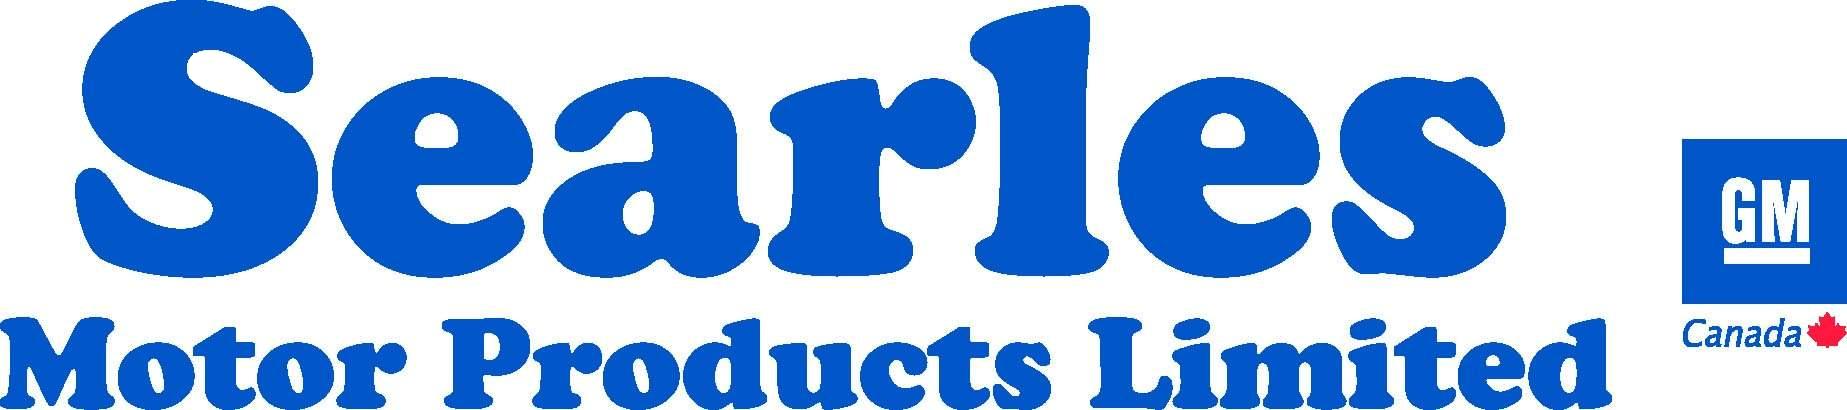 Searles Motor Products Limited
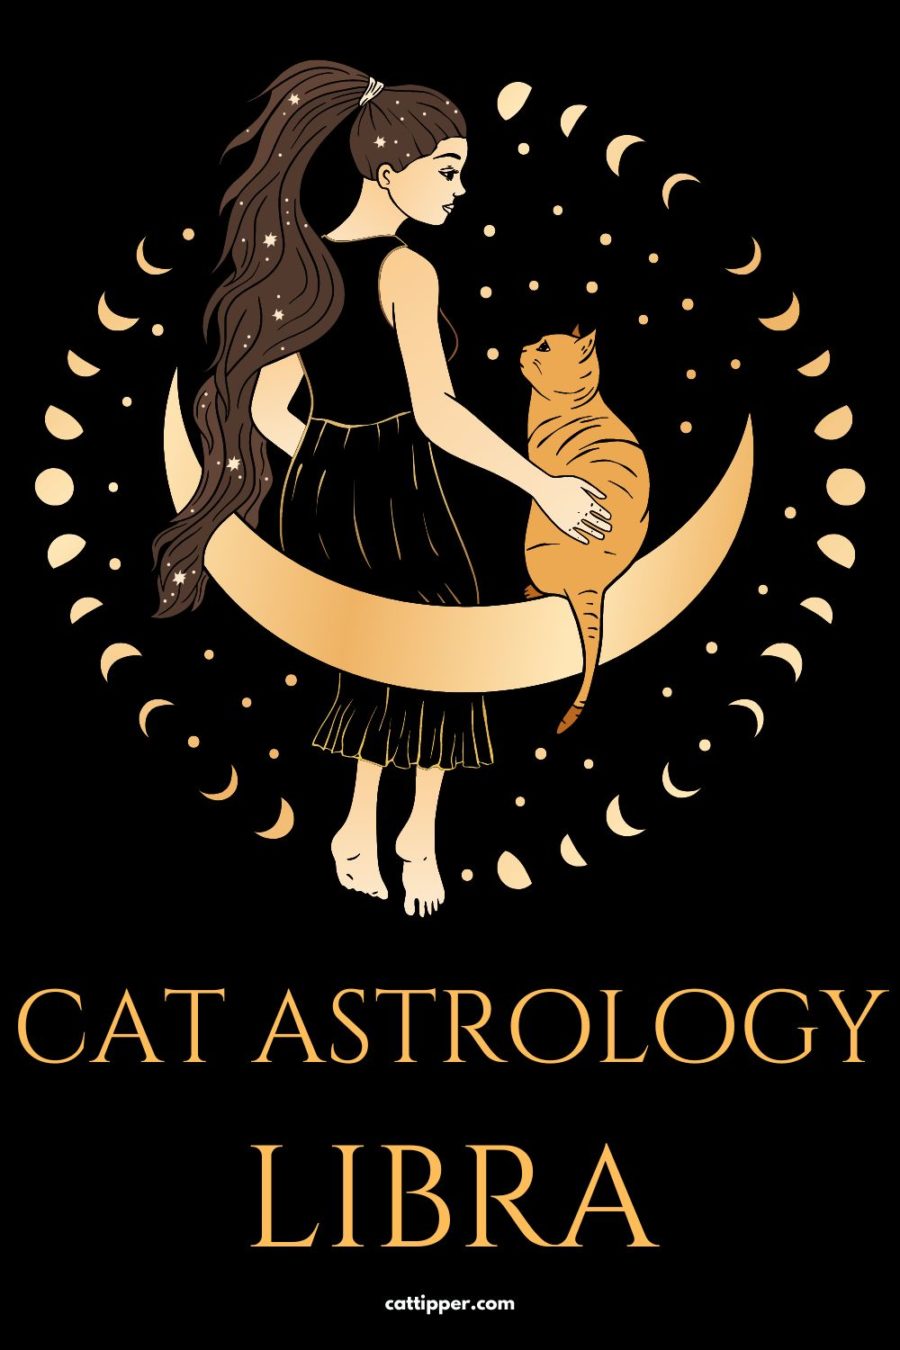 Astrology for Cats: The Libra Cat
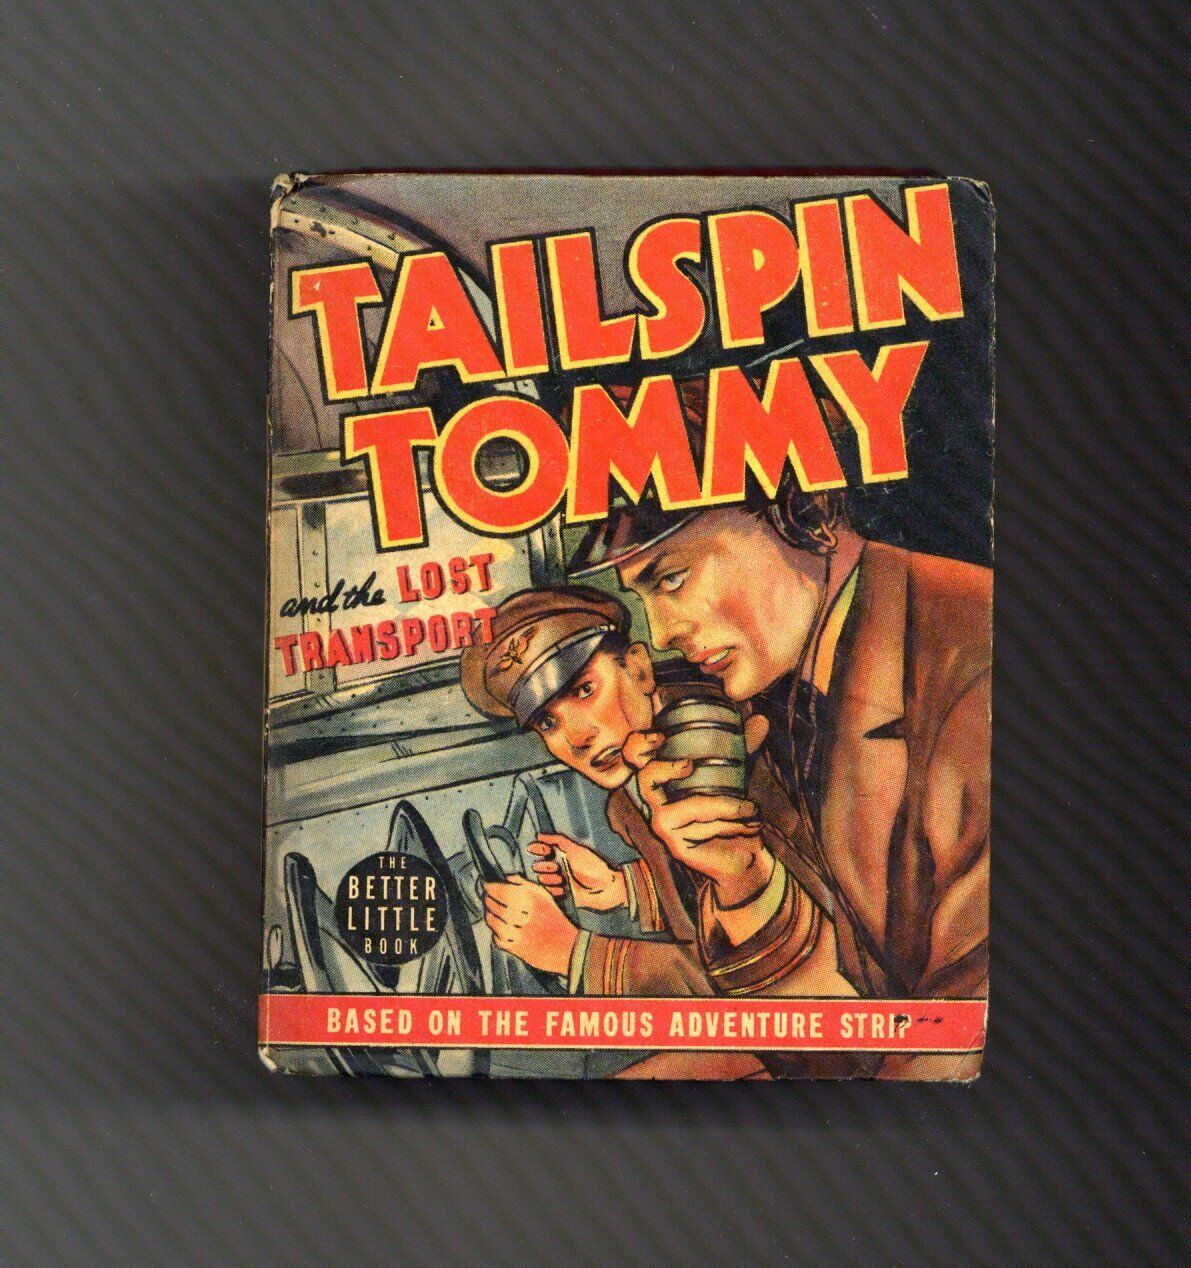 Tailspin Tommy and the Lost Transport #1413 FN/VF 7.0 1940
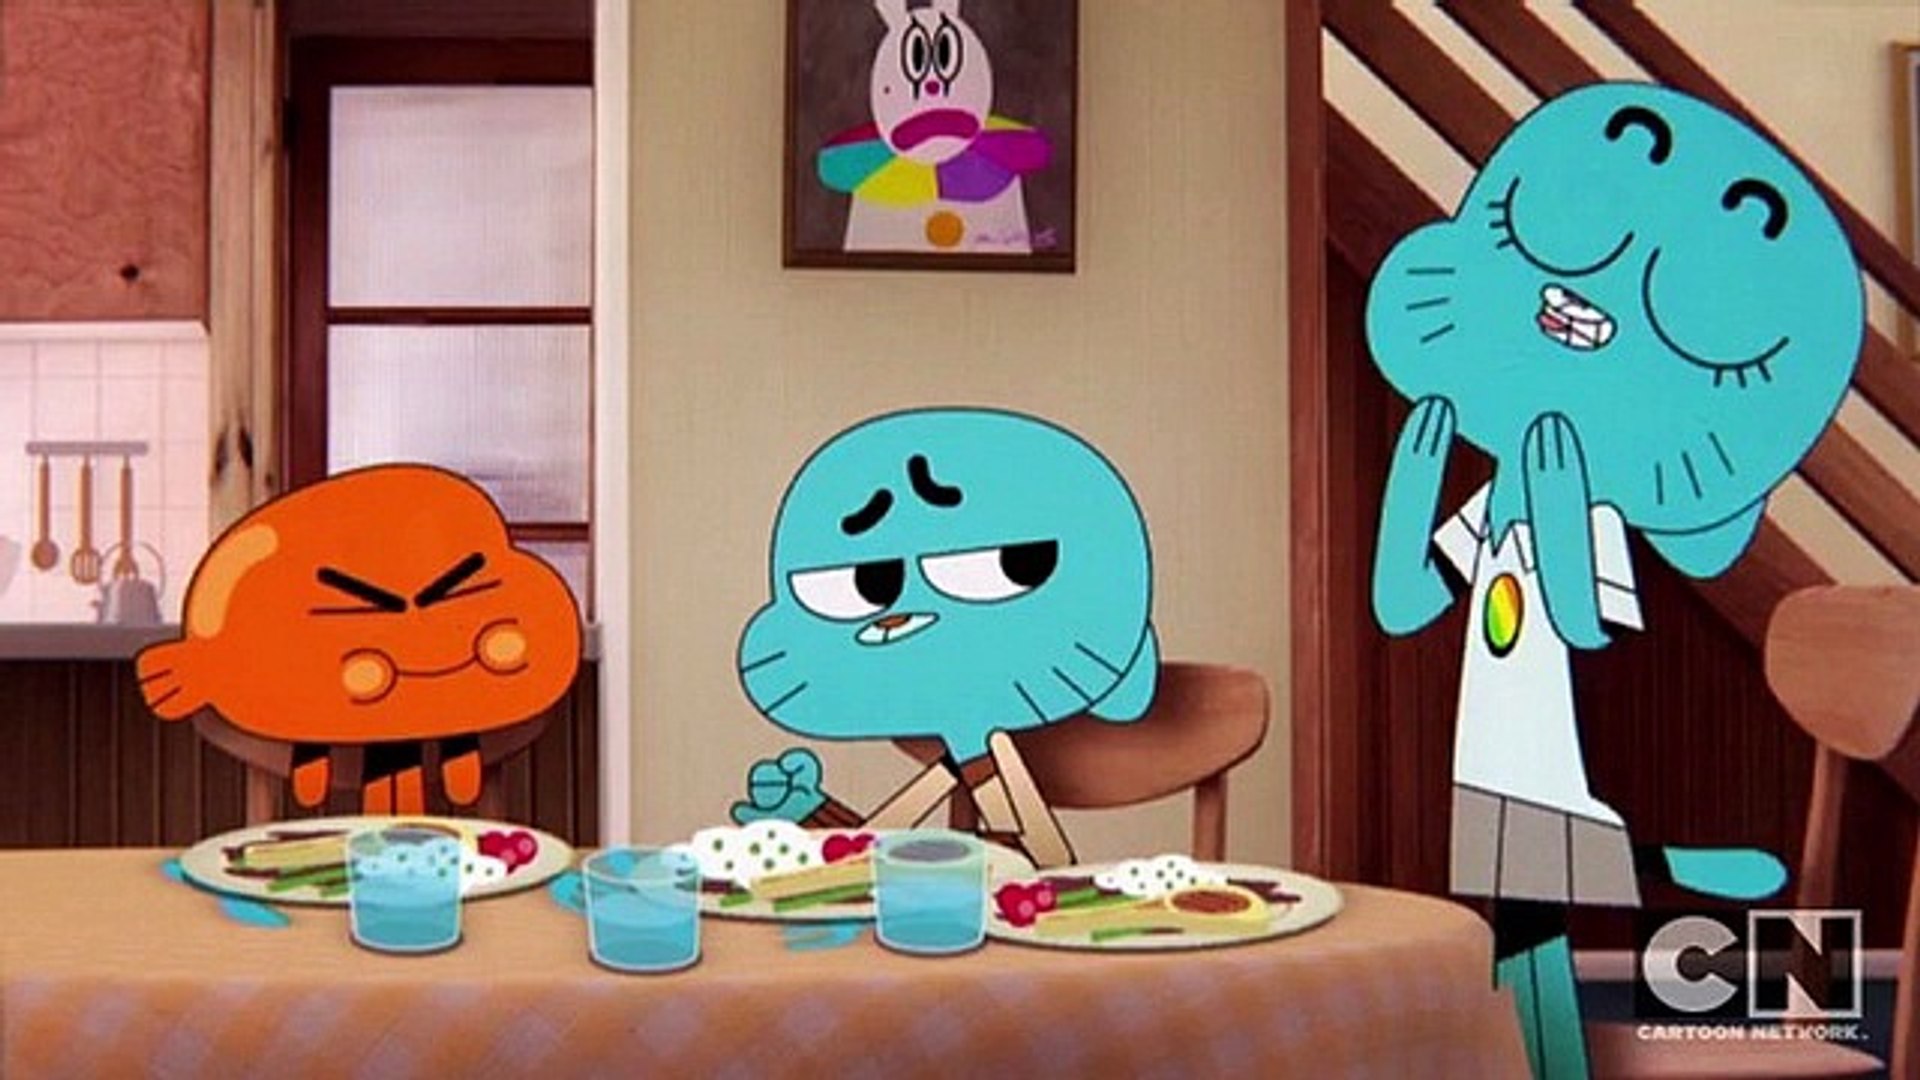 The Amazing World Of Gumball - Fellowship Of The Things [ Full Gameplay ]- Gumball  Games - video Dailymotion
◇ ◇ ◇ ◇
EXERCISE DETAILS: What you return must match the material above exactly, apart from its pictures.

RESULT OF THIS TASK:
 Searles Motor Products Limited
 Astrology for Cats: The Libra Cat
 Tailspin Tommy and the Lost Transport #1413 FN/VF 7.0 1940
 The Amazing World Of Gumball - Fellowship Of The Things [ Full Gameplay ]- Gumball  Games - video Dailymotion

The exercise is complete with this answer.